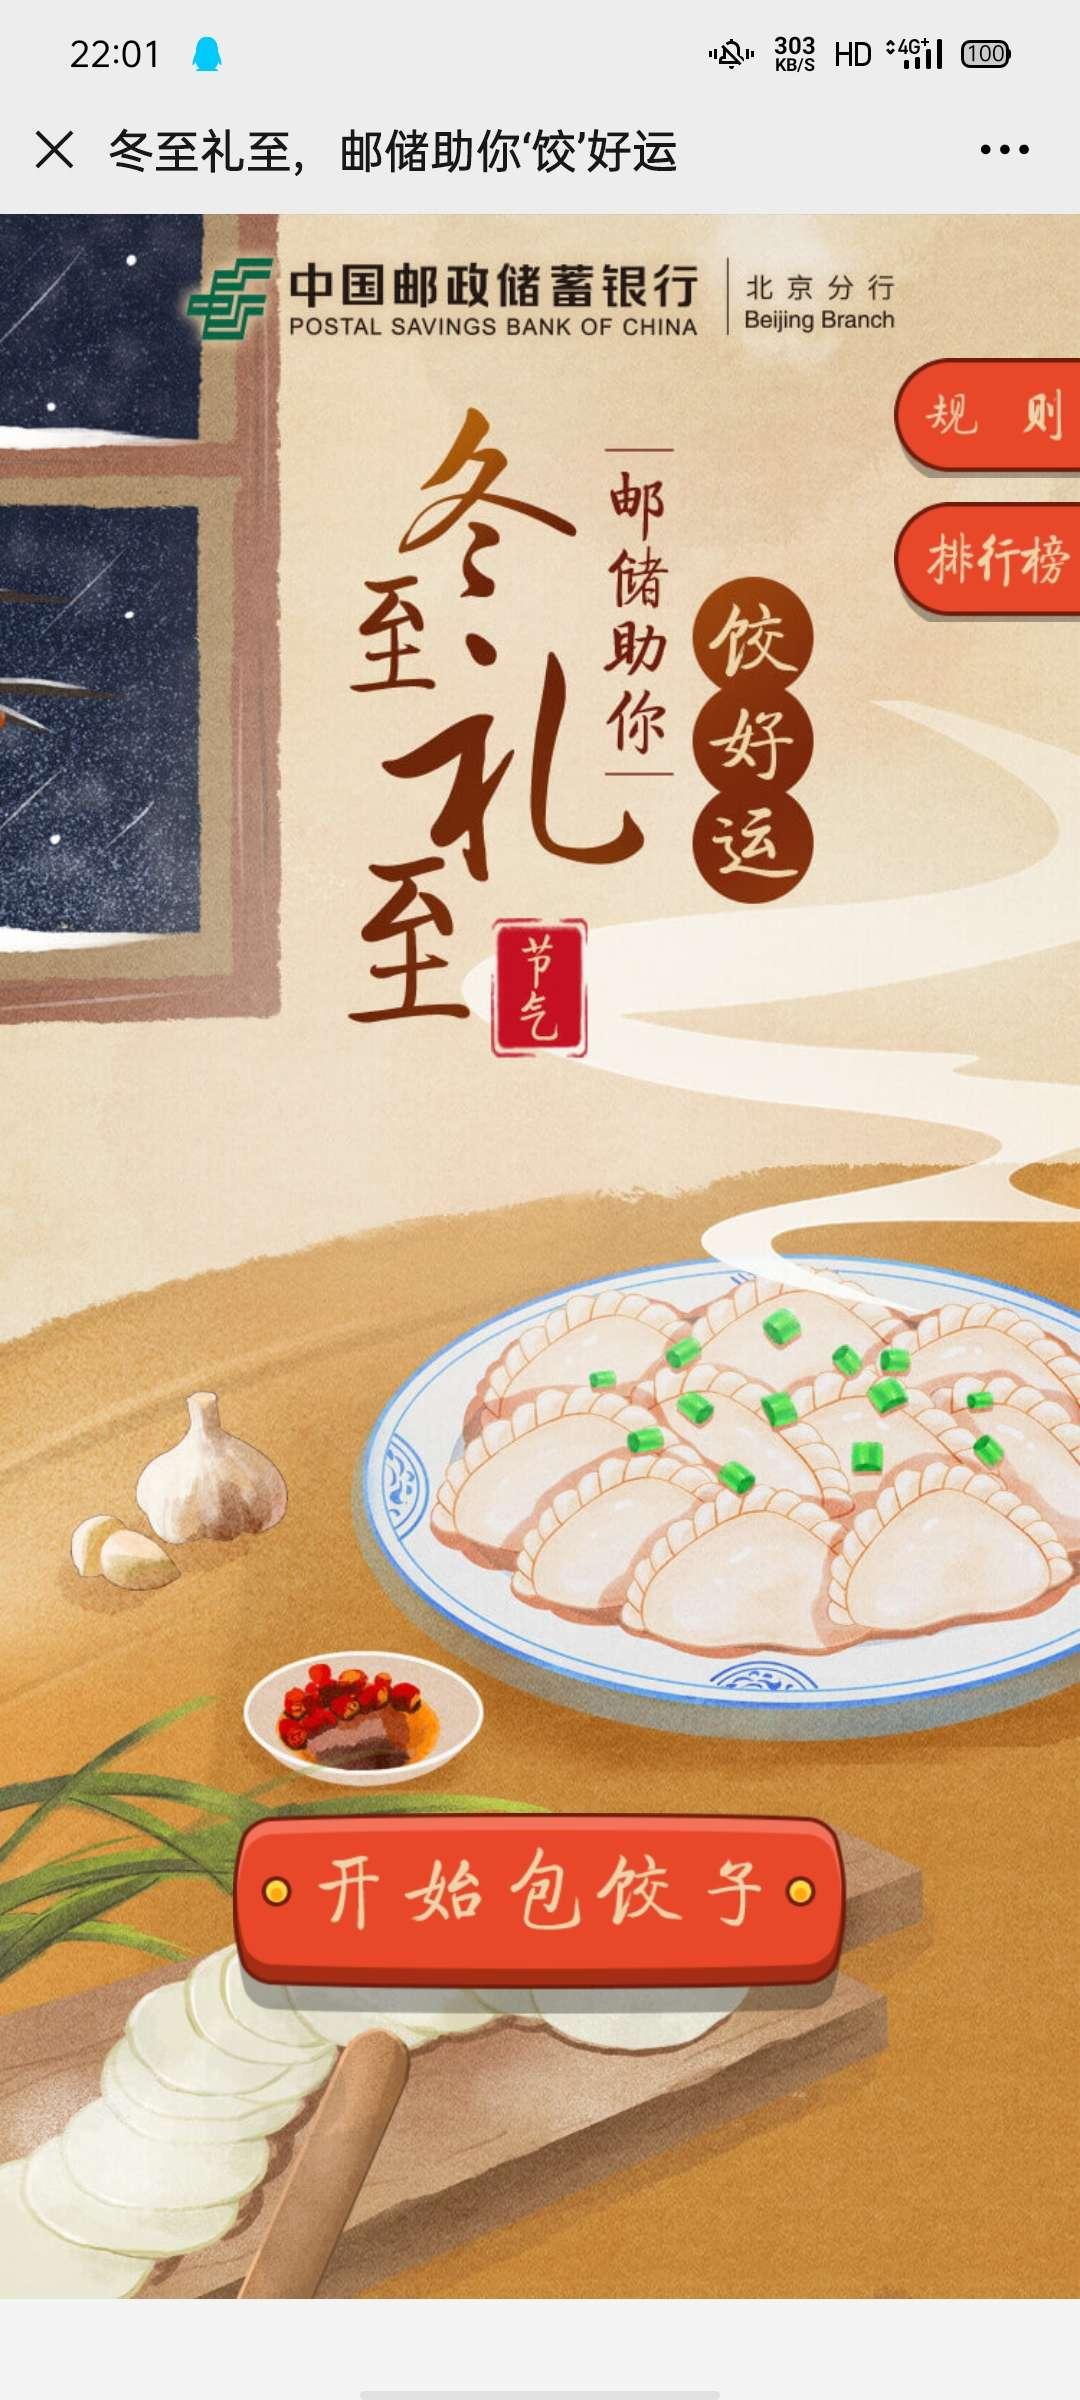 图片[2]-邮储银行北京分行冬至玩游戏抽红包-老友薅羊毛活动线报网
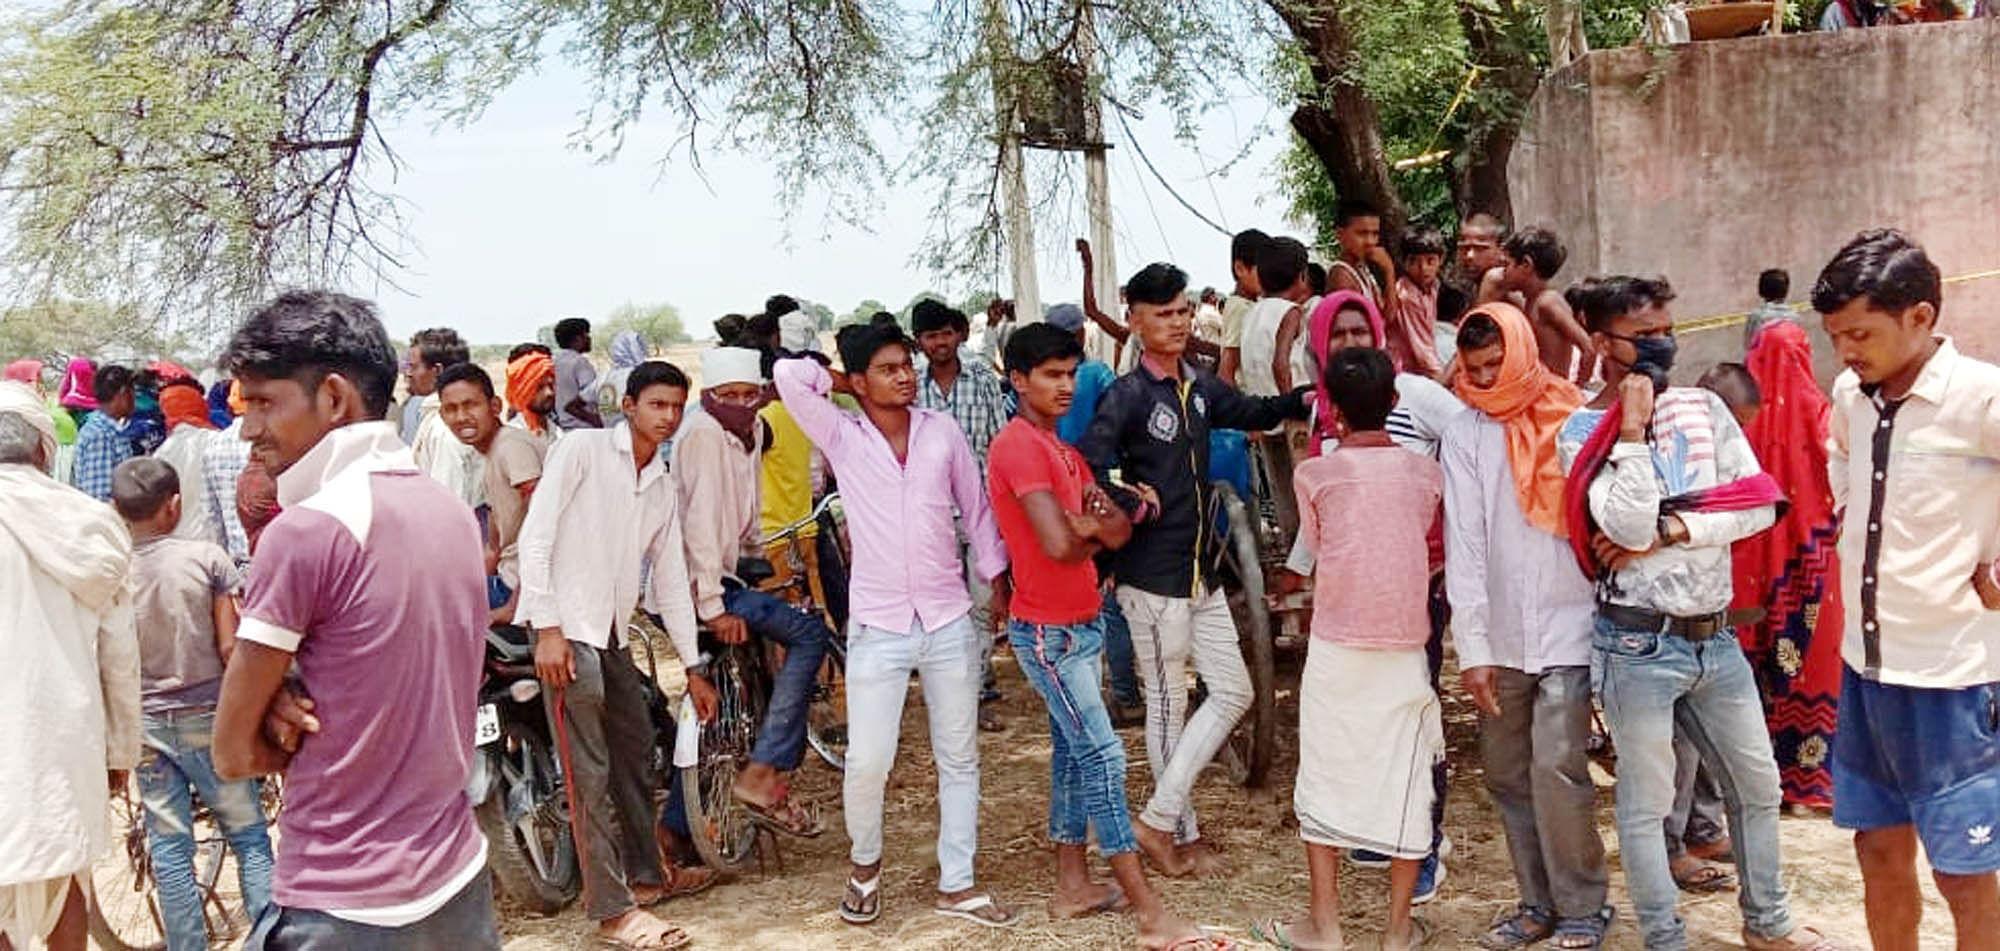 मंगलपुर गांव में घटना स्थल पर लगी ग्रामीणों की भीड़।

******

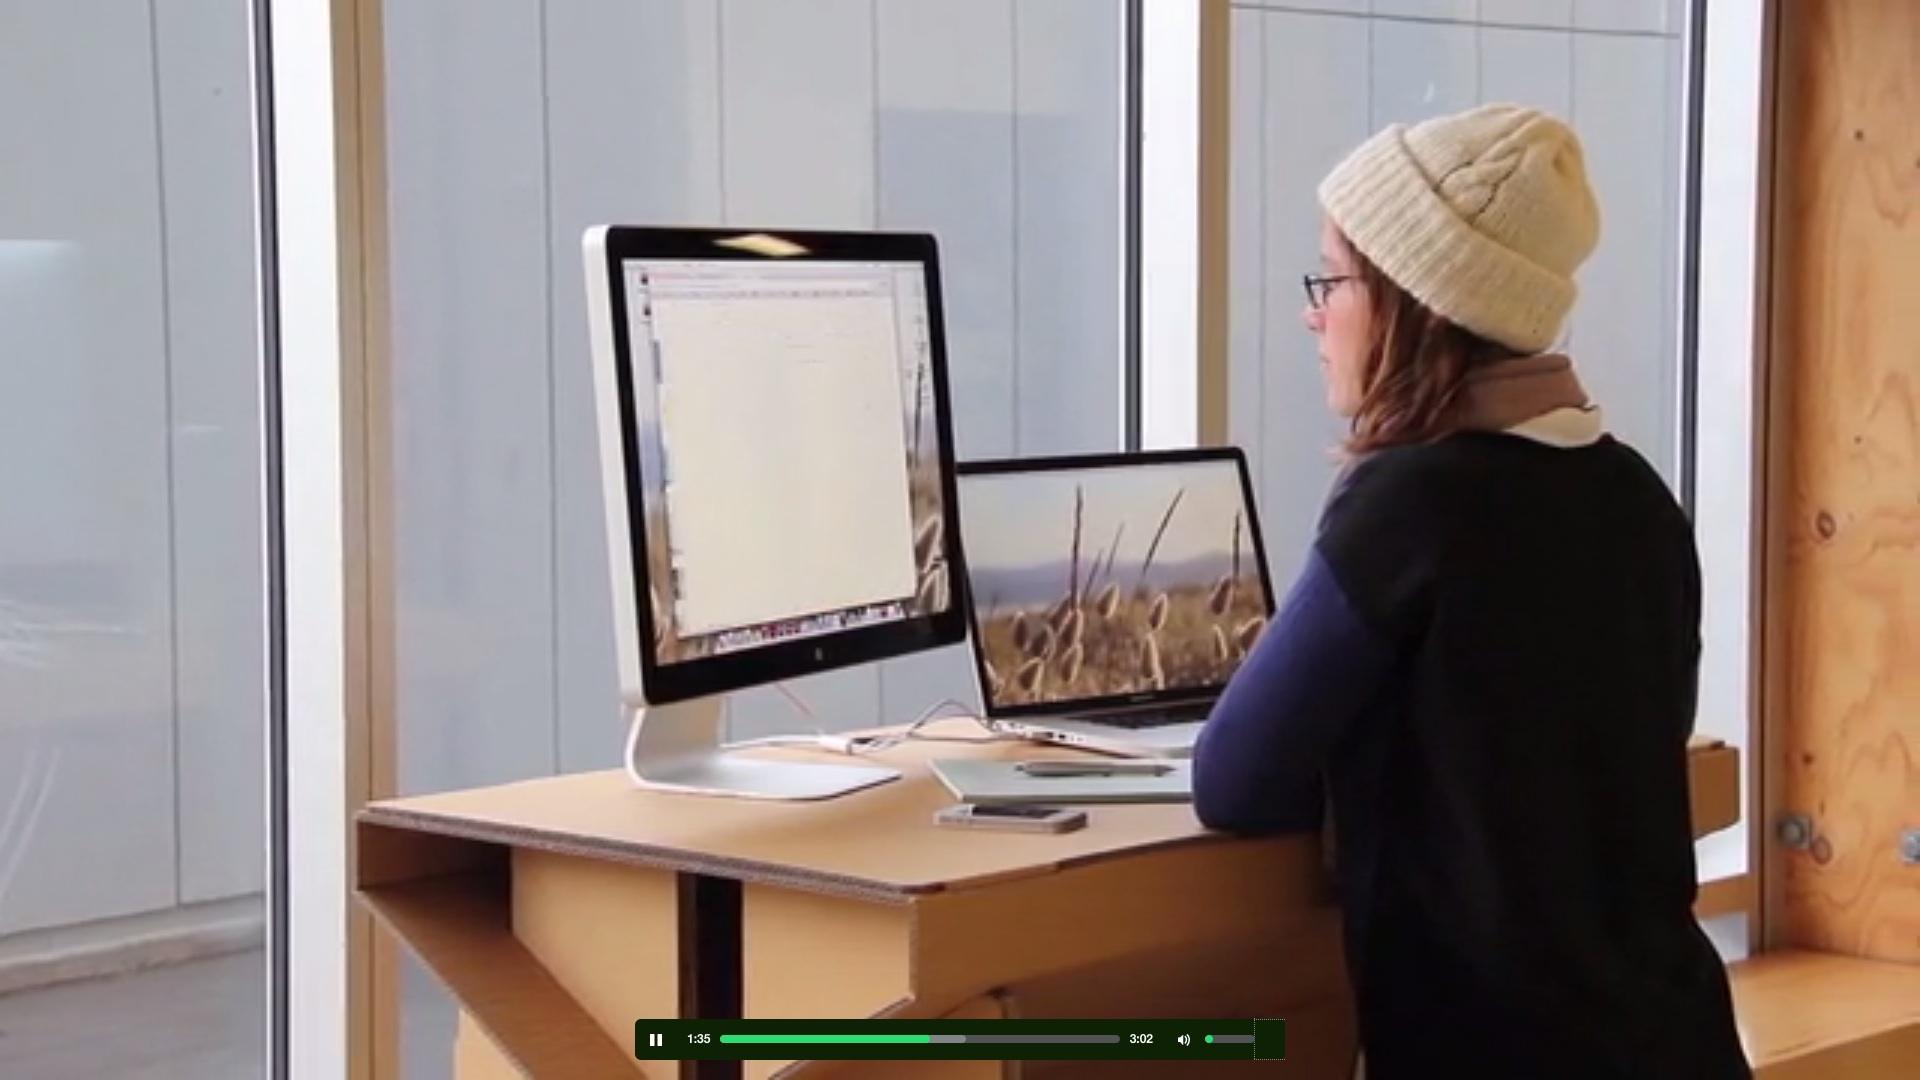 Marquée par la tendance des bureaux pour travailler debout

******

» ASSIGNMENT: Line for line, output the entries above from the line with "图片[2]-邮储银行北京分行冬至玩游戏抽红包-老友薅羊毛活动线报网" to the line with "मंगलपुर गांव में", both included, and nothing more. Skip pictures.

» ANSWER SECTION:
 图片[2]-邮储银行北京分行冬至玩游戏抽红包-老友薅羊毛活动线报网
 मंगलपुर गांव में घटना स्थल पर लगी ग्रामीणों की भीड़।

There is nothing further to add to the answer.